Graduate Teaching Assistant
North Dakota State University
United States
Joshua M. Parcha is a second-year Ph.D. student at North Dakota State University. He received his M.A. in Communication and B.S. in Mathematics from Eastern Michigan University. His research mainly focuses on corporate social responsibility (CSR), examining the role communication plays in fostering business practices of virtue. He is currently working on several research projects that examine the oil industry and its impact on local communities. The oil industry is of particular interest to him because he lives in North Dakota, a state that has reaped the benefits and consequences of a recent oil boom. He is also interested in the CSR-risk communication link, exploring how risk messages can become a socially responsible practice for corporations and organizations to engage in with their publics. His work appears in Communication Teacher and Communication Currents, and he is actively working on publishing in additional communication and business journals. He has presented his research at the Central States Communication Association conference and the National Communication Association conference. Part of his M.A. thesis won a Top Student Paper Award at the 2014 National Communication Association conference. He currently teaches classes in public speaking, human communication, and interpersonal communication. He is constantly looking for new and innovative ways to engage his students in active and curious learning.

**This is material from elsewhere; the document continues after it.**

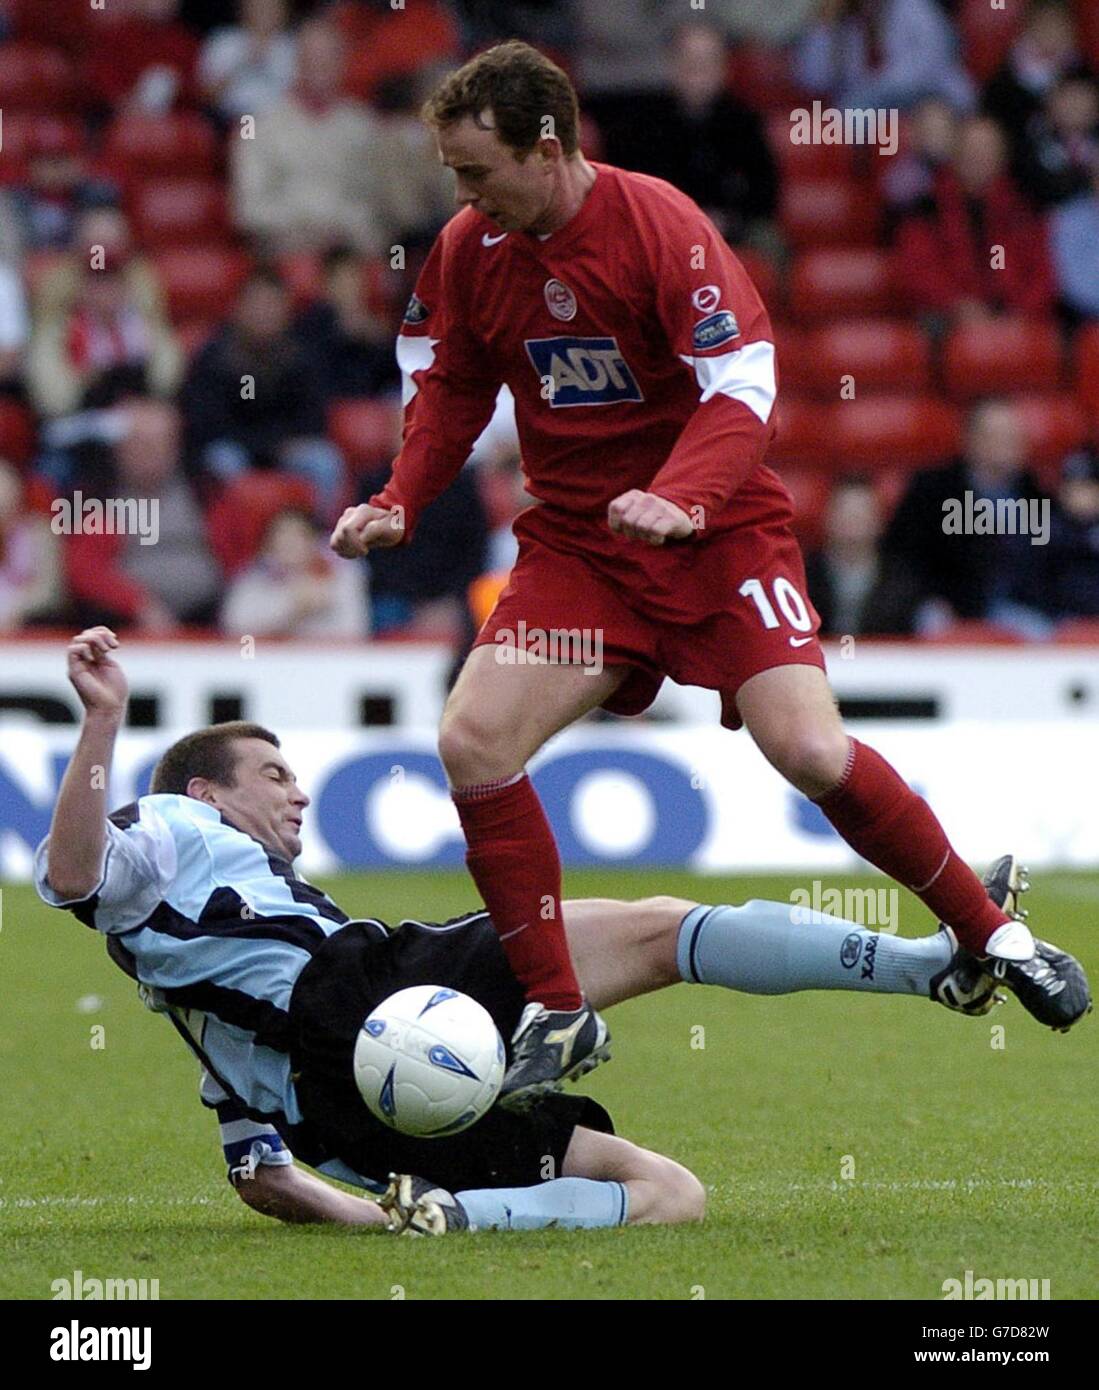 Derek Adams von Aberdeen fordert Barry Smith von Dundee während ihres Spiels der Bank of Scotland Scottish Premier League im Pittodrie Stadium, Aberdeen, am Samstag, den 2. Oktober 2004, heraus. NUR FÜR REDAKTIONELLE ZWECKE. Stockfoto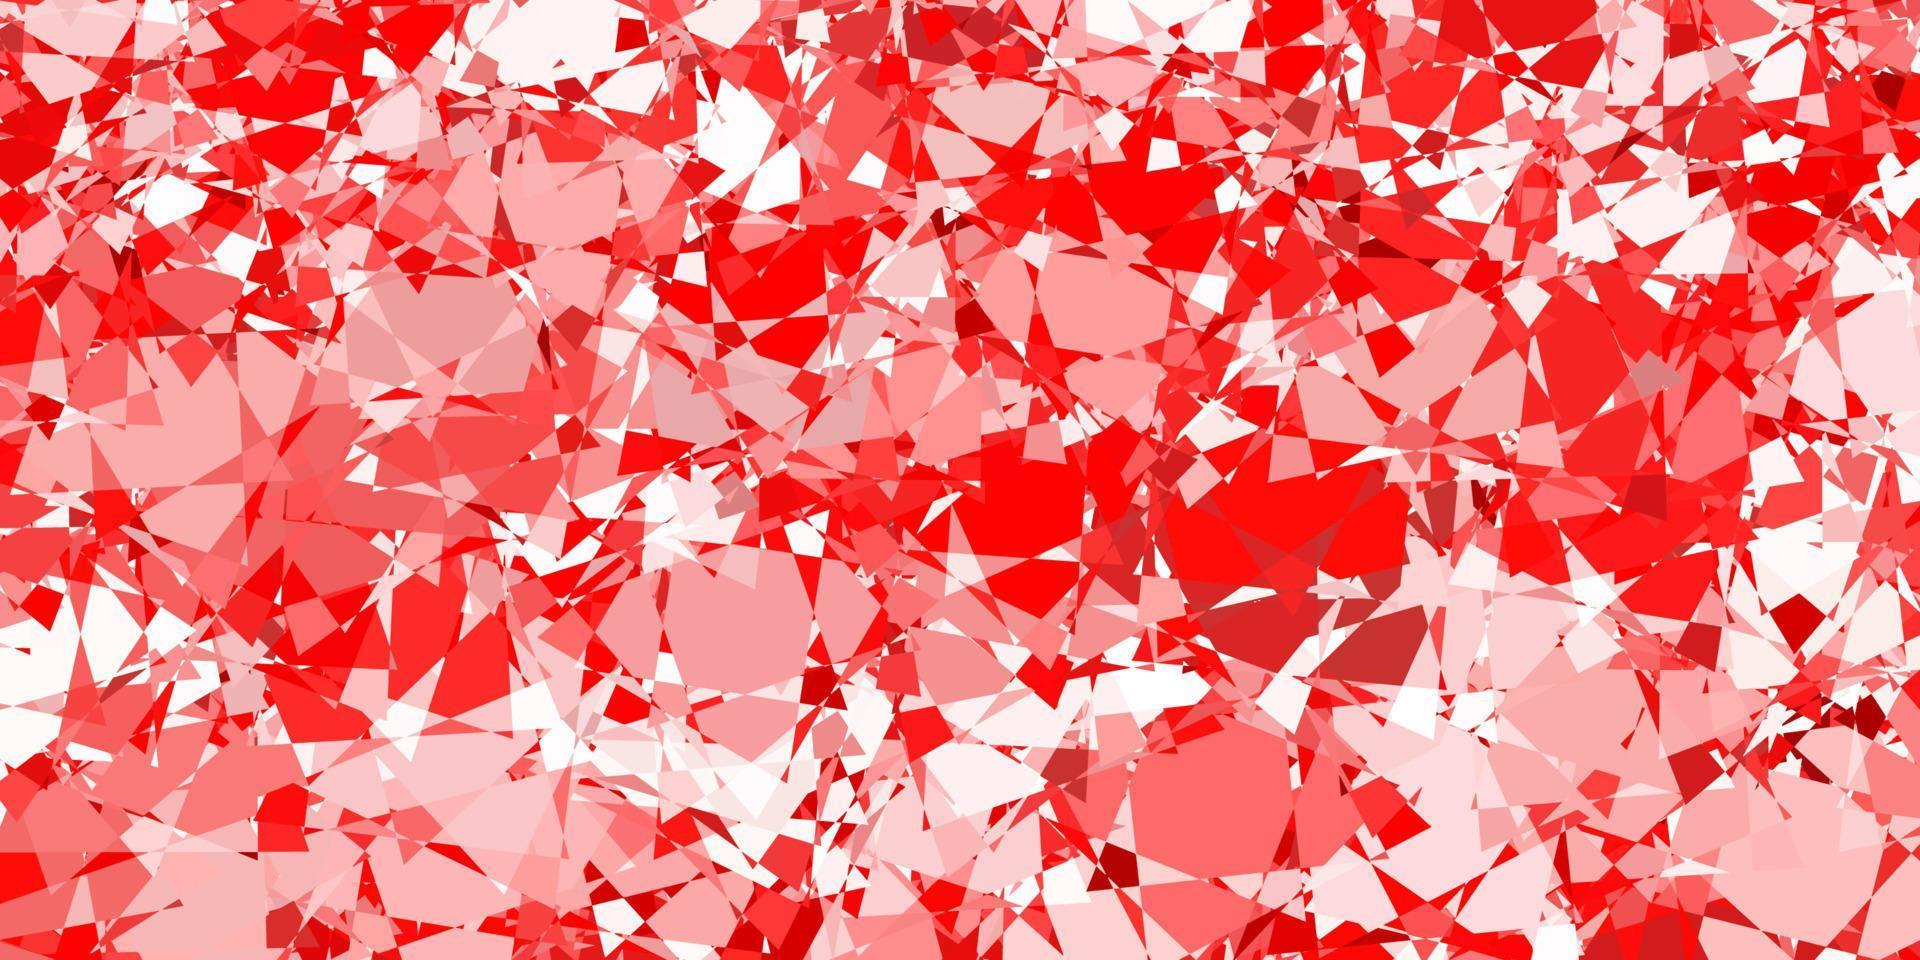 patrón de vector rojo claro con formas poligonales.

Dialectical Tensions of Risk Communication: A Case Study on Facebook’s Emotion Contagion
Littlefield and Sellnow (2015) developed an approach to the study of risk communication involving the identification of seven dialectical tensions encountered by decision-makers when disseminating risk messages during a crisis. Building on concepts from corporate social responsibility (CSR) and Littlefield and Sellnow’s framework, this presentation examines the variable and interactive nature of the dialectical tensions of risk communication during the Facebook Emotion Study crisis. Several learning objectives are drawn: (a) decision-makers should train for the changing nature of tensions; (b) the tensions of risk communication do not operate idiosyncratically, but instead are relationally influenced; (c) a corporation’s ethical concerns should take center stage, with economic and legal considerations becoming of peripheral focus; and (d) social media manipulation has the power to influence nearly every person in the world, placing large responsibility on social media corporations to remain virtuous and ethical members of modern society. Future directions for research are also discussed.